I don’t know her name. She doesn’t know mine. I just know her because she is my neighbor. Kind of. This young woman lives in the small mountain valley that our hospital shares with the hundreds of coffee sharecroppers that surround us.

I was walking to a nearby waterfall, admiring all of the ripe coffee beans (actually they are the bright red cherries that hide a green coffee bean inside) when we came across this lovely young lady quietly harvesting beans by hand. Christine Penny, a fellow medical missionary from Canada asked her if we could take a picture of her with her harvest. She proudly posed with her delicate harvest for a few photos.

We thanked her and began walking away. As I turned my back to her, she asked me something. Not speaking much of her language, I turned to Chris who said “I think she is asking if you have any candy.”

I shook my head know, but I pulled out a sweet green apple. Her eyes lit up. She gratefully accepted my gift and went back to picking. We walked a little up the trail to catch up with the rest of our hiking party, and my guide said to me, “That’s almost worth a days wages to her.”
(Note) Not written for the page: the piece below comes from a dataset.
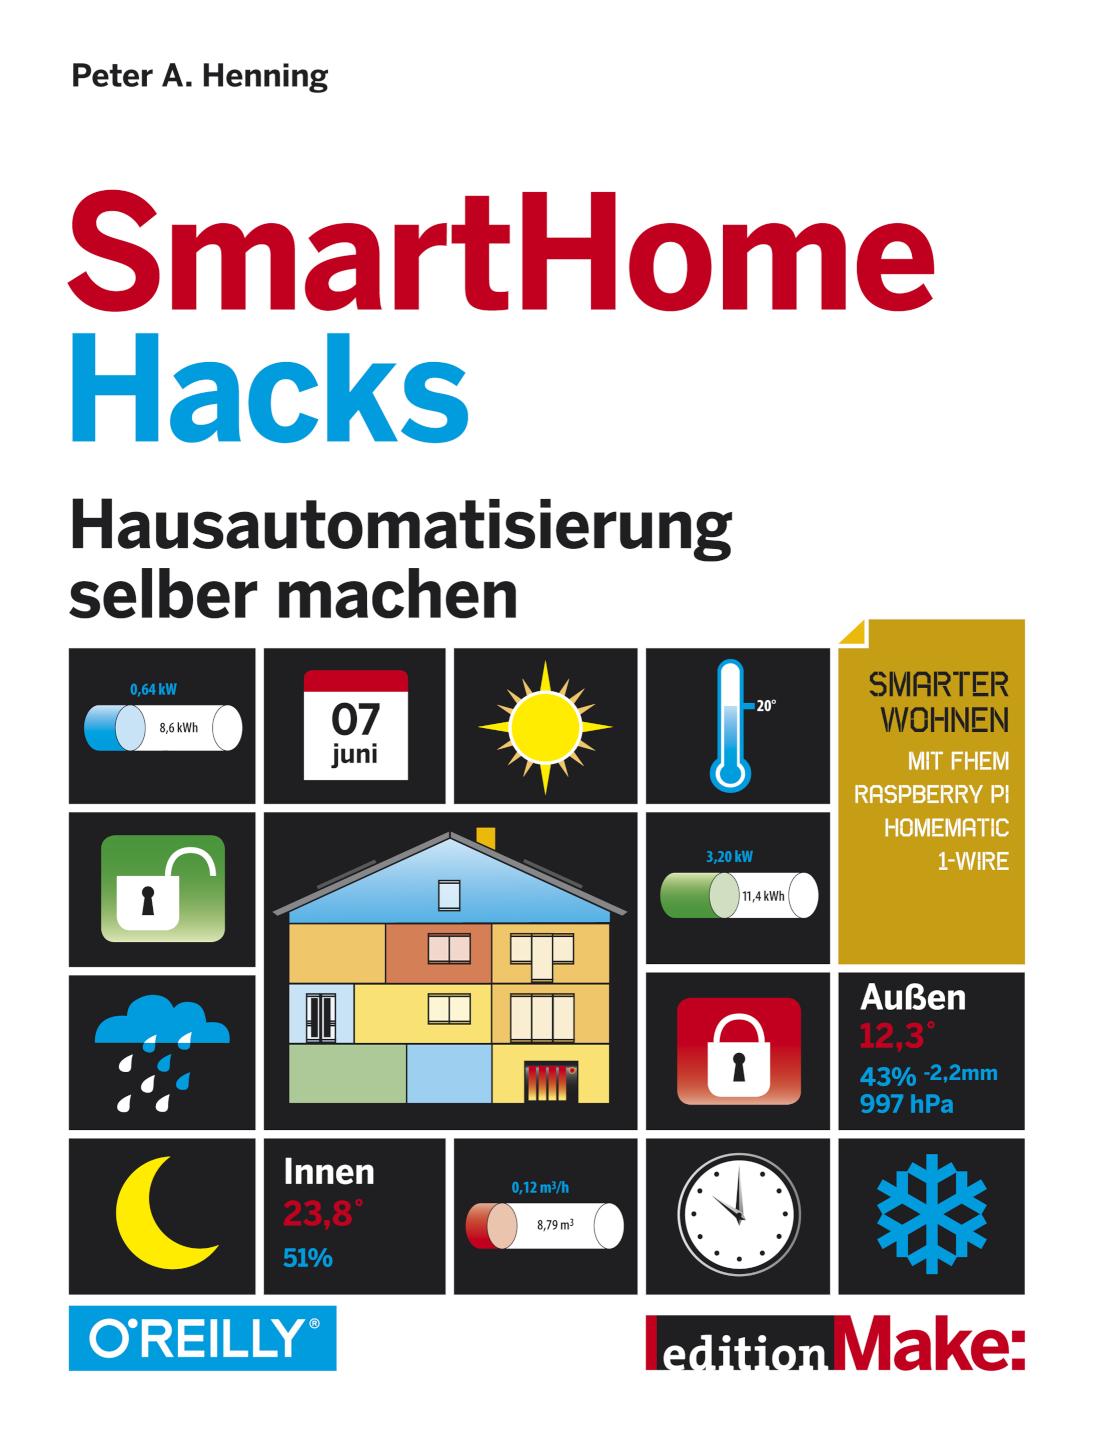 SmartHome Hacks Hausautomatisierung selber machen

The sad truth is that here in Togo, many coffee harvesters make less than $1 a day picking beans. They are vastly underpaid by any standard, and there are a complex set of reasons for this. However, direct- or even fair-trade, are not concepts that have probably even been mentioned to our local coffee harvesters.

The link

I’m not sure how, but somehow, I feel like these two stories are linked. I feel like if I can figure out how, I might be able to restore some hope for both of these gentle children who don’t even know what to hope for.

In the coming weeks, as I start investigating these two stories, and search for the convergence, I will be posting updates on this blog. Please join me and share this blog with others.

Get excited, get hopeful. If we can change the world for even these two people, it will be worth the effort.